Марушка терпеливо склонила голову, только вздрагивала, когда мягкая ткань касалась саднящей кожи. Лис придирчиво перебрал пряди и, не обнаружив больше кровоточащих царапин, направился к распотрошенному мешку. Девочка с тяжелым вздохом наблюдала, как он встряхнул отрез невесомой светлой ткани, безнадежно испачканной багровыми пятнами, туго свернул ее чистым краем наверх, и запихал поглубже в мешок.
— Что-то не так? — повернулся Лис, закончив.
Марушка покачала головой — чужую ткань она бы ни за что на свете не взяла без спросу, не говоря уж о том, чтоб испортить ее и закинуть втихую обратно. Но ругаться и отчитывать друга не стала — сил на это не осталось.
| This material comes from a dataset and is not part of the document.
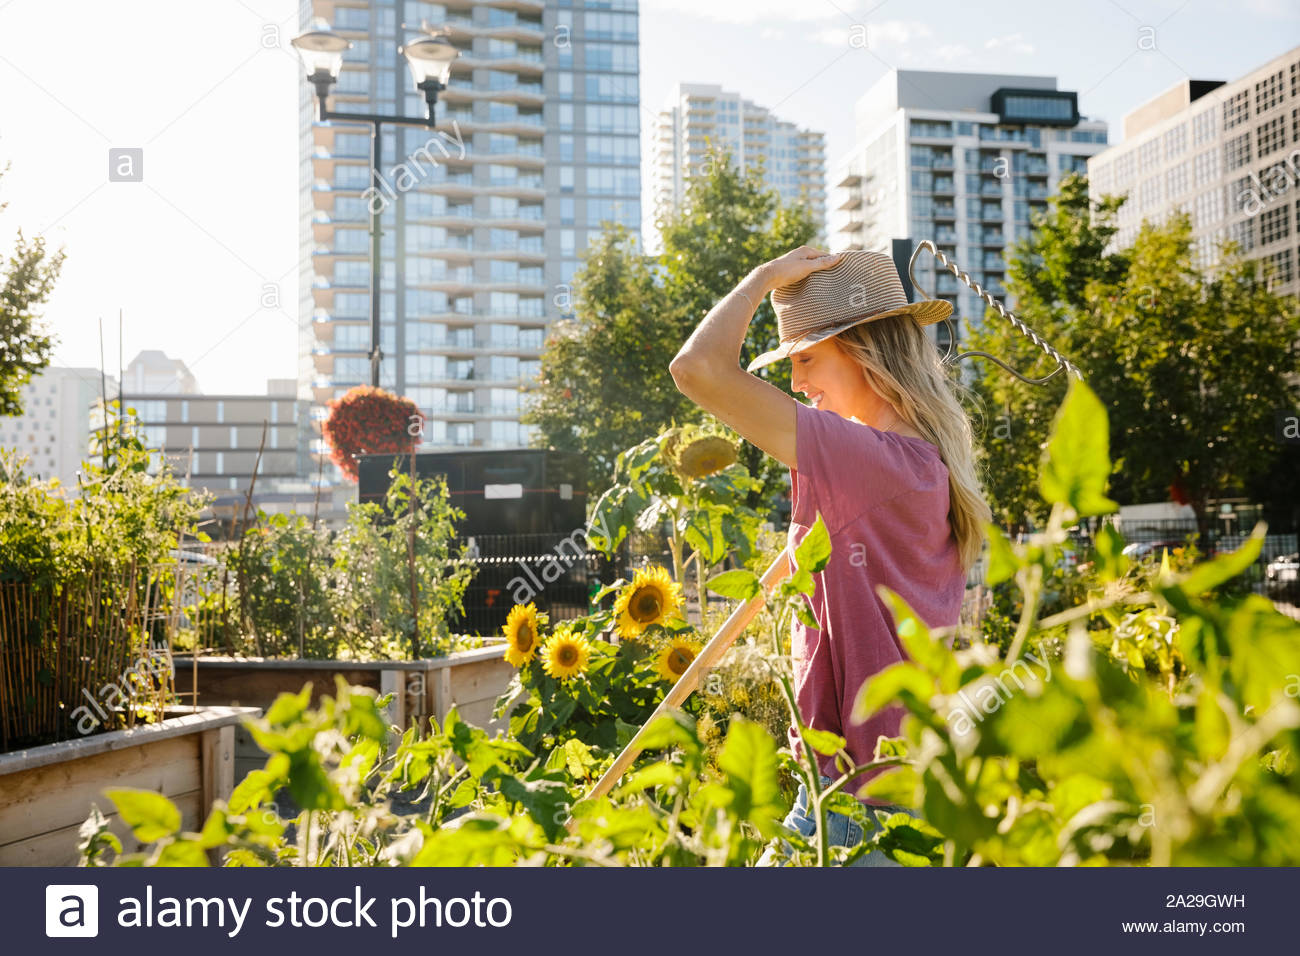 Happy young woman with sun hat in sunny, urban community garden Stock Photo

— Меня снова тошнит, — развела она руками, опуская голову. — Найди ведро.
Роланд заглянул под навес почти под конец пути, застав Марушку, с самым несчастным видом сжимавшую коленями деревянное ведро. Лиса она попросила уйти сама — разговоры не развлекали, особенно потому что лишний раз раскрыть рот было чревато. Марушка подняла взгляд на воина и попыталась выдавить из себя улыбку, но челн качнулся на волне, и лицо ее мгновенно скрылось над ведром.
— Обед можно не предлагать? — уточнил он.
Булькнув в ответ что-то неразборчивое, Марушка устало смахнула распущенные волосы, волнистыми прядями спадавшие по плечам, за спину, чтоб не замарать. Девочка не услышала насмешки в голосе, но точно знала, что раненый издевается. «Еще бы, — горько подумала она, — бежать-то мне отсюда теперь некуда».
— Выходи, — мелькнула перед лицом его ладонь, — у борта меньше укачивает.
Девочка подняла измученный взгляд и отчаянно замотала головой.
— Идем, глупая, — вздохнул Роланд, — там дышать станет легче.
Признаваться, что выходила без спросу она не собиралась, но и высовываться из-под навеса теперь стало боязно — а ну, как какой-нибудь чересчур любопытный мартын решит свить гнездо у нее на голове. Царапины напухли и невыносимо чесались, а вот притронуться и прогнать зуд не получалось никак — даже от легких прикосновений раздраженная кожа немедленно отзывалась болью. Чудо, что лицо не пестрило отметинами когтей, а на макушке за всколоченными волосами их было не разглядеть.
— Ну, тогда сиди и страдай, — процедил Роланд, разворачиваясь.
Марушка зыркнула ему вслед, скрипнув зубами.
— Поля Бережани сейчас проплываем, — бросил он на ходу, — просто взгляни, тебе понравится.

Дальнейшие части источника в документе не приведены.